The New York-based team, led by Liz Weikes and John Slattery, oversaw more than $3.1 billion in client assets and reportedly generated about $17 million in trailing 12-month production. The group serves ultra-high-net-worth individuals, family offices and institutional clients, with a footprint that reaches New York, Palo Alto and San Diego.
But the broader story is not only Wells Fargo winning a massive JPMorgan team. The same advisor-move roundup also showed Janney adding a billion-dollar Merrill team in Delaware and Prime Capital Financial expanding in the Philadelphia area with two former Edelman Financial Engines advisors.
Together, the moves show three different recruiting lanes: Wells Fargo is leaning into bank-backed ultra-wealth support, Janney is using boutique culture to win a regional wirehouse team, and Prime Capital is chasing planning talent in a space where advisor transitions can quickly become legal and compliance stories.
TL;DR
Wells Fargo’s big win: Wells Fargo Advisors hired the Weikes Slattery Group from JPMorgan, a team overseeing more than $3.1 billion in client assets.
Production matters: The team reportedly generated about $17 million in trailing 12-month production.
Client profile: The group works with ultra-high-net-worth individuals, family offices and institutional clients.
Janney’s Delaware move: Janney added Warren-Fantano Wealth Management from Merrill, a team managing more than $1 billion in client assets.

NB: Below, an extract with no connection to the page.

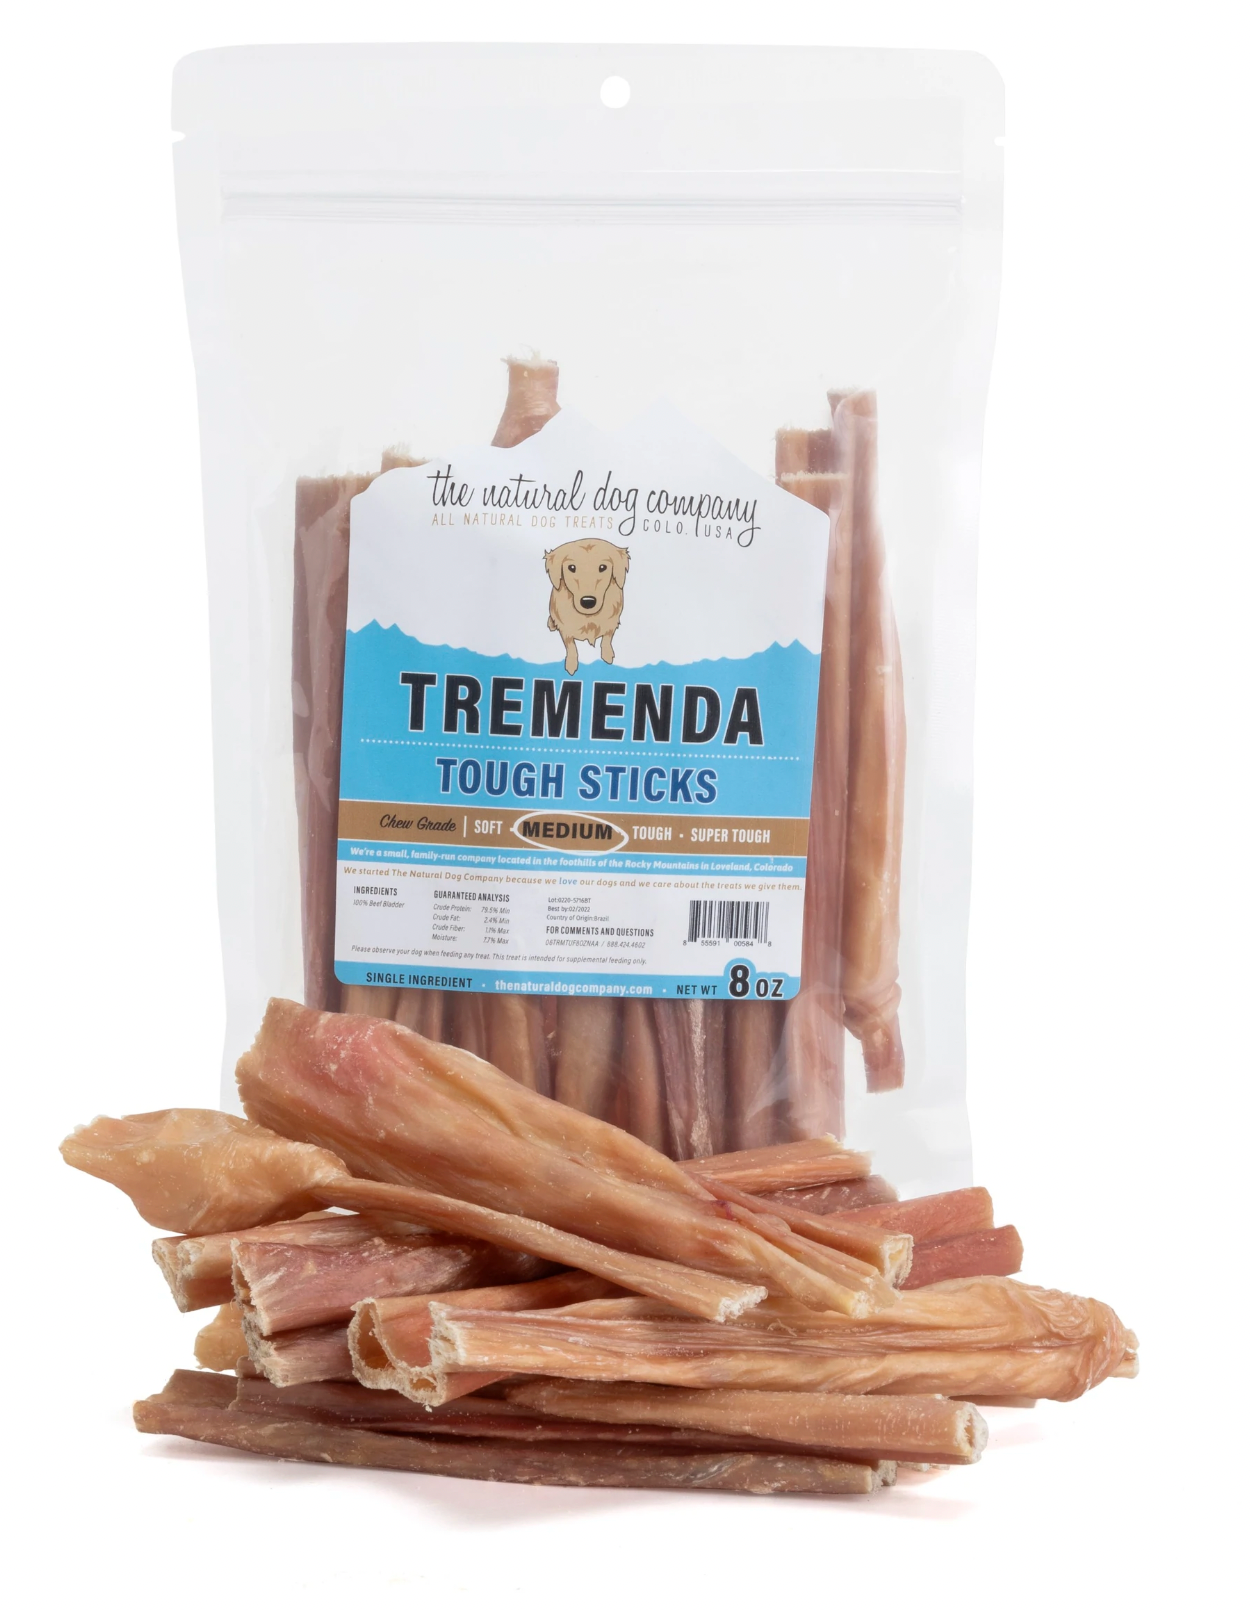 Tuesday's Natural Dog Company 6" Tremenda TOUGH Sticks - 8 oz

Prime Capital’s planning push: Prime Capital added Philadelphia-area advisors Amanda Salyer and Joan Greenspon from Edelman Financial Engines.
Compliance caveat: A later InvestmentNews report said a judge temporarily barred Salyer and Greenspon from contacting hundreds of former Edelman clients.
Main lesson: Advisor recruiting is no longer one story. It is a mix of bank balance sheets, boutique culture, planning depth, regional expansion and transition risk.
The Roundup Is Really Three Recruiting Lanes
Wells Fargo bags $3.1B advisor duo from JPMorgan, but that headline only captures the largest part of the story.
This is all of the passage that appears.